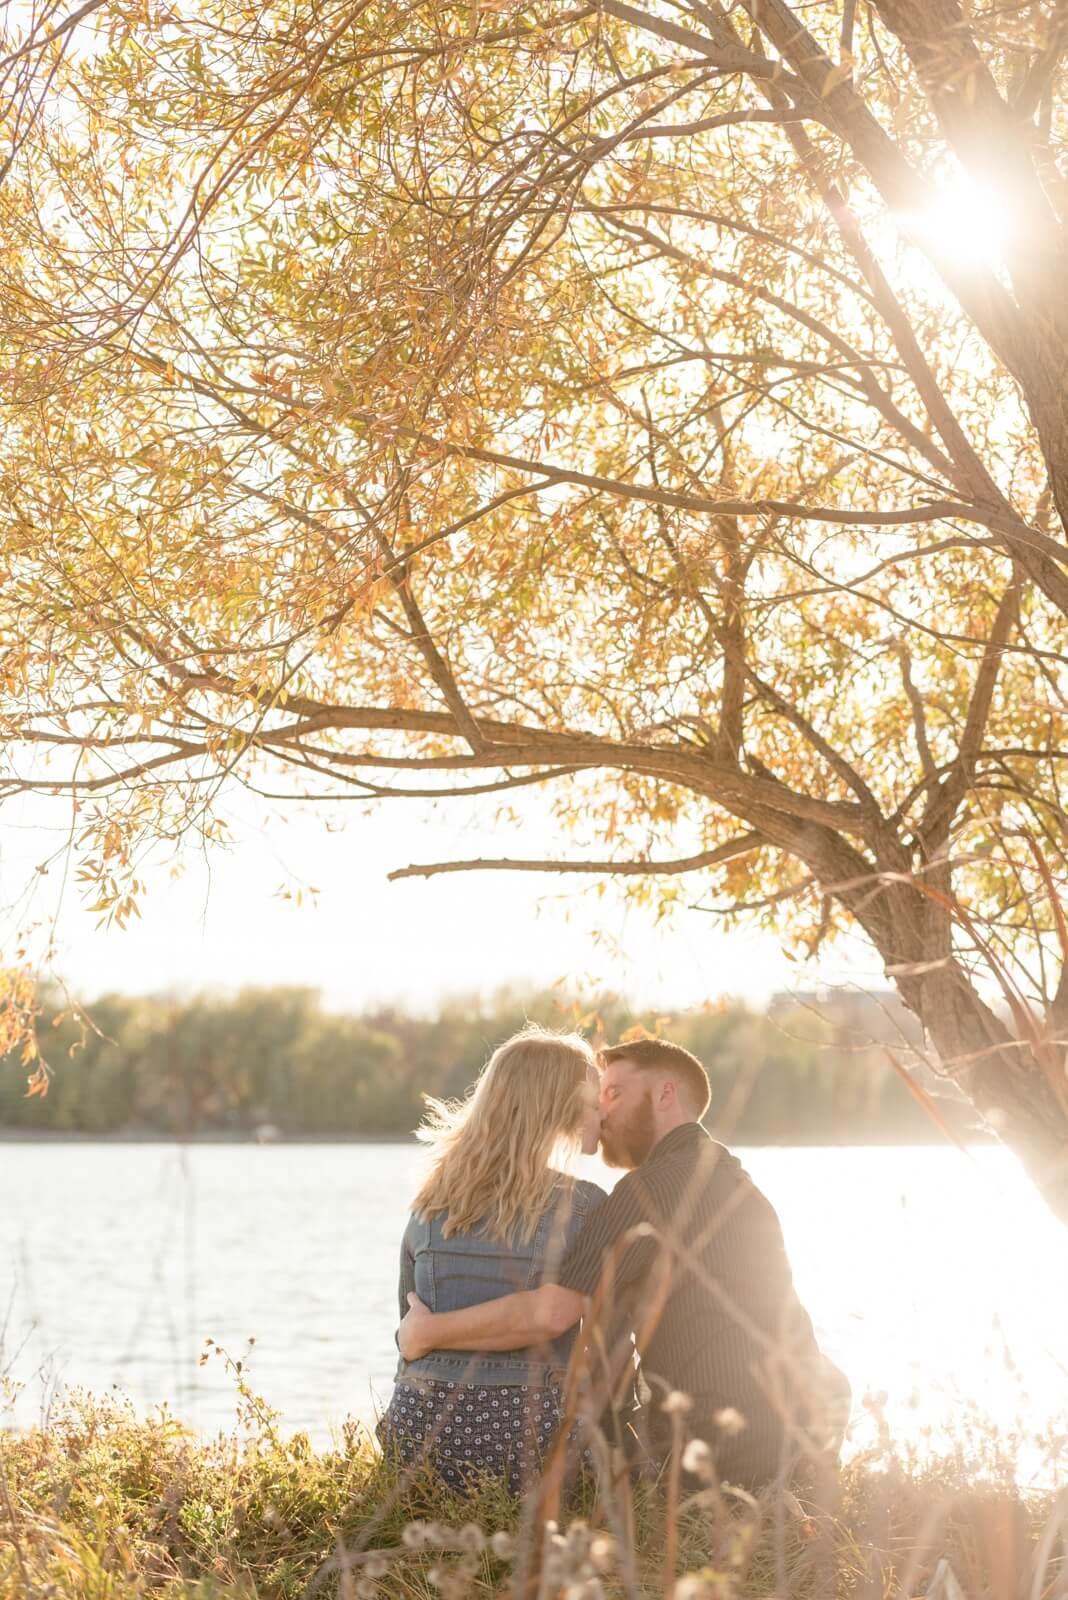 Regina Engagement Photography - Andy-Laura - Wascana Park Kiss
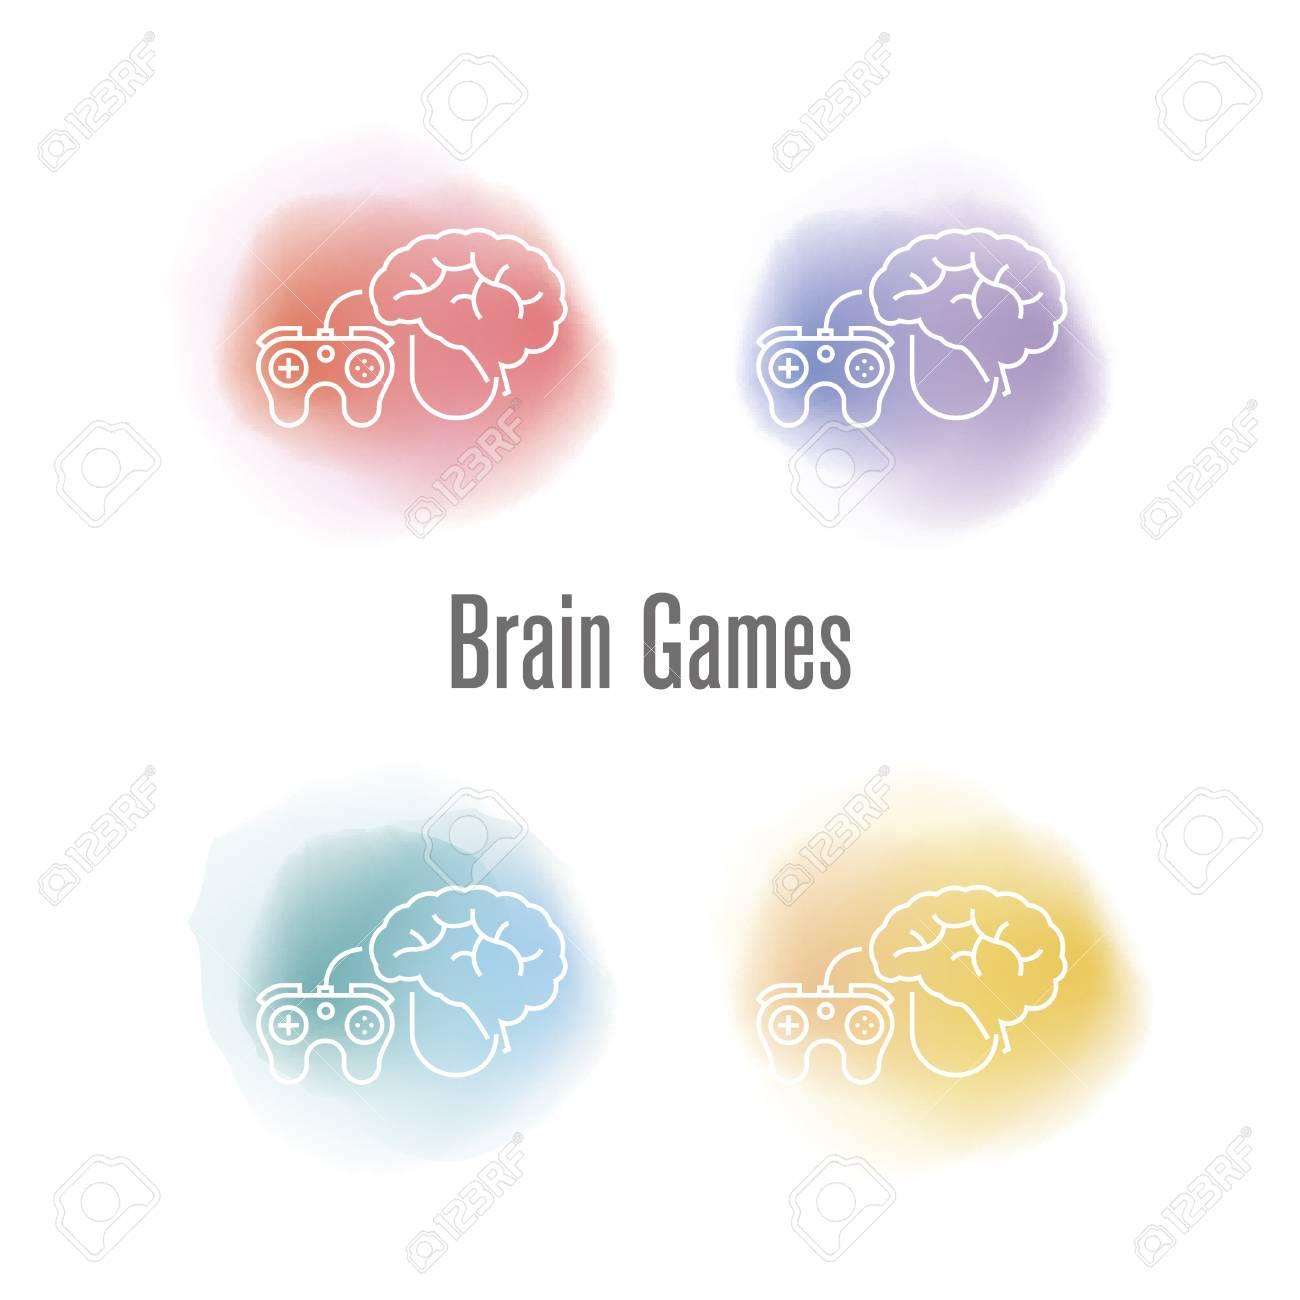 Brain Games Concept
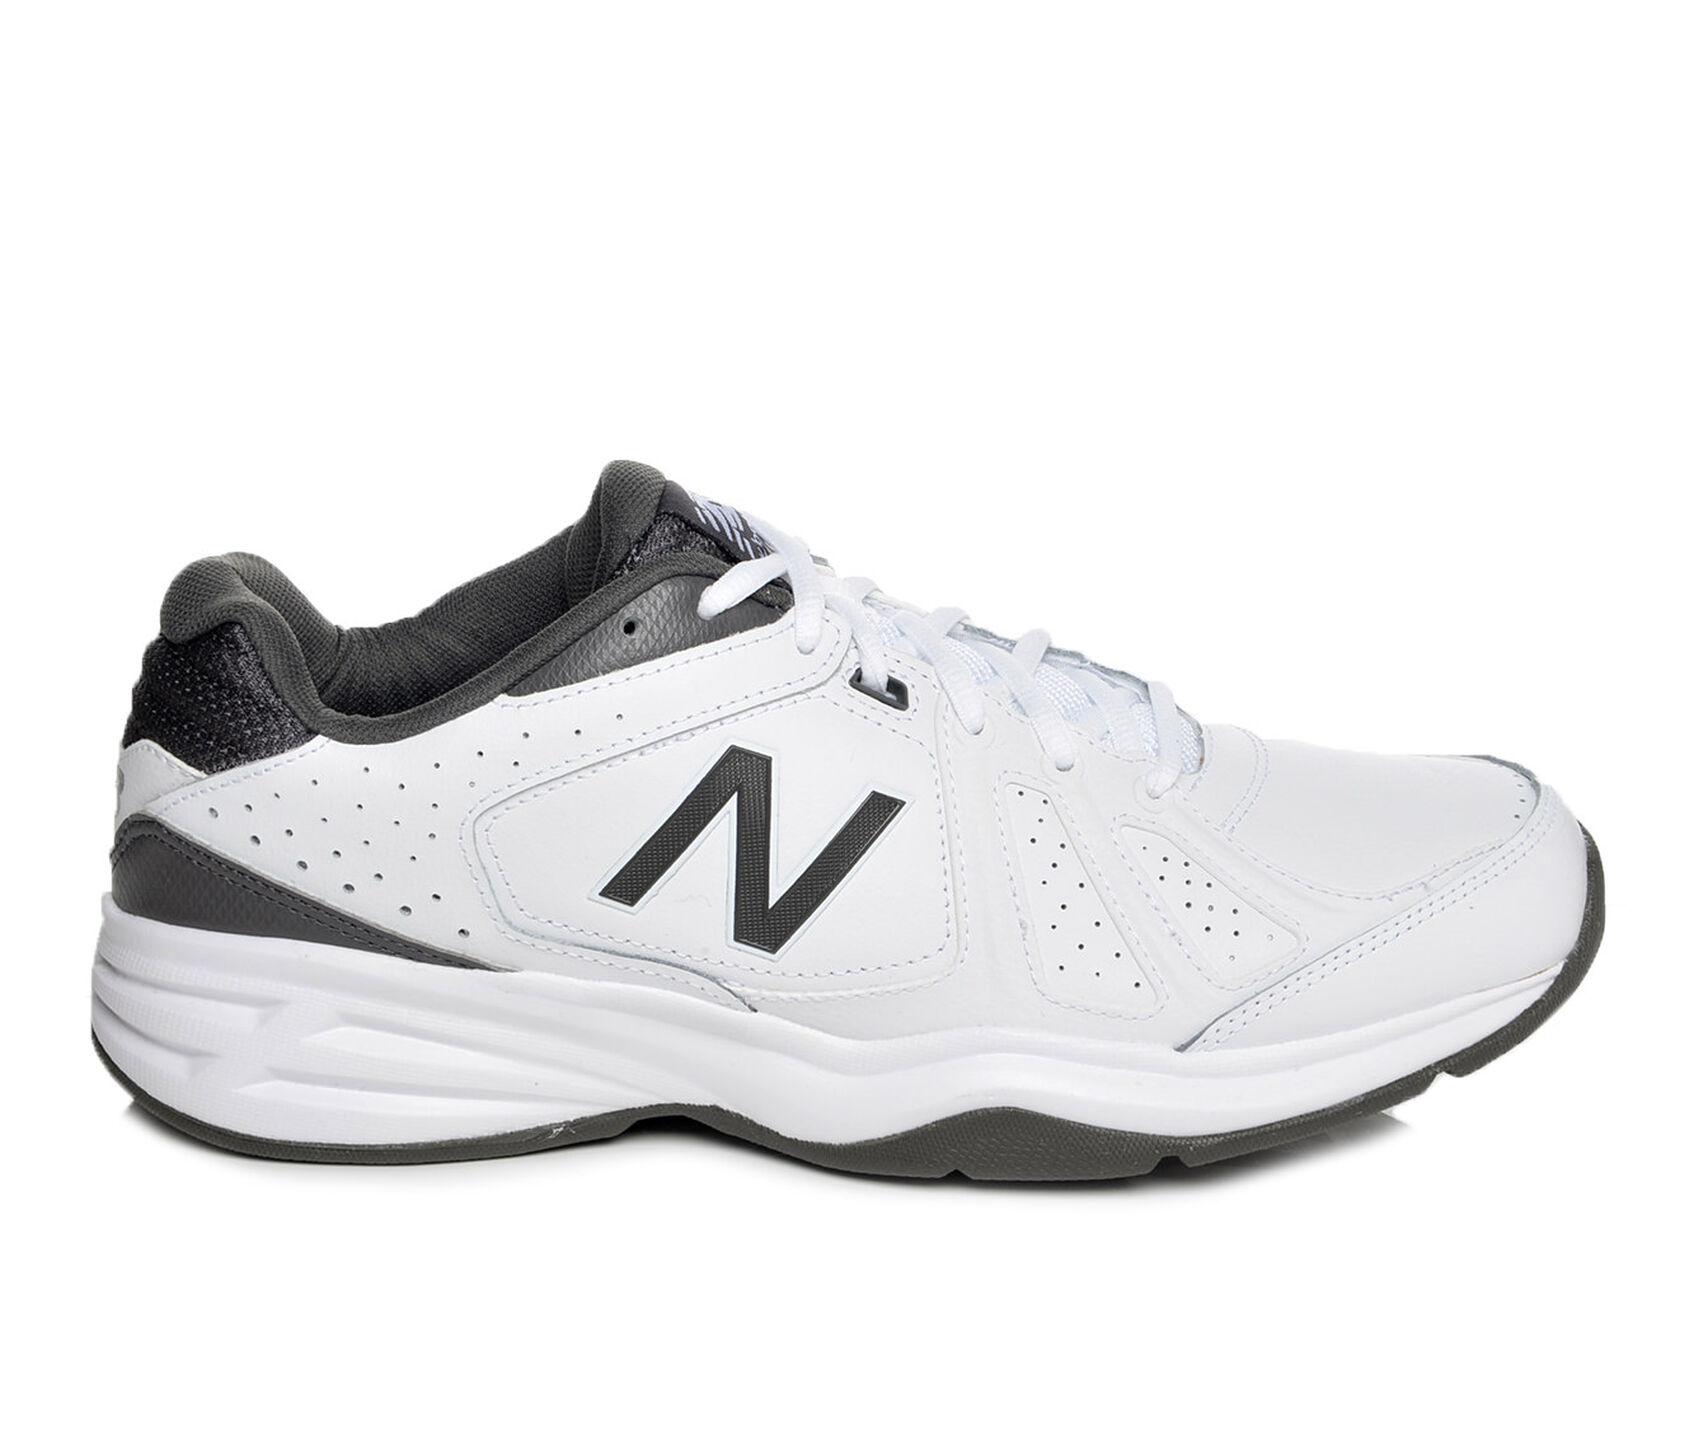 Shoe Carnival New Balance
☆ ☆ ☆ ☆ ☆ ☆ ☆
**Exercise**: Reproduce the data word for word without its images.

**Reply to the task**:
 Regina Engagement Photography - Andy-Laura - Wascana Park Kiss
 Brain Games Concept
 Shoe Carnival New Balance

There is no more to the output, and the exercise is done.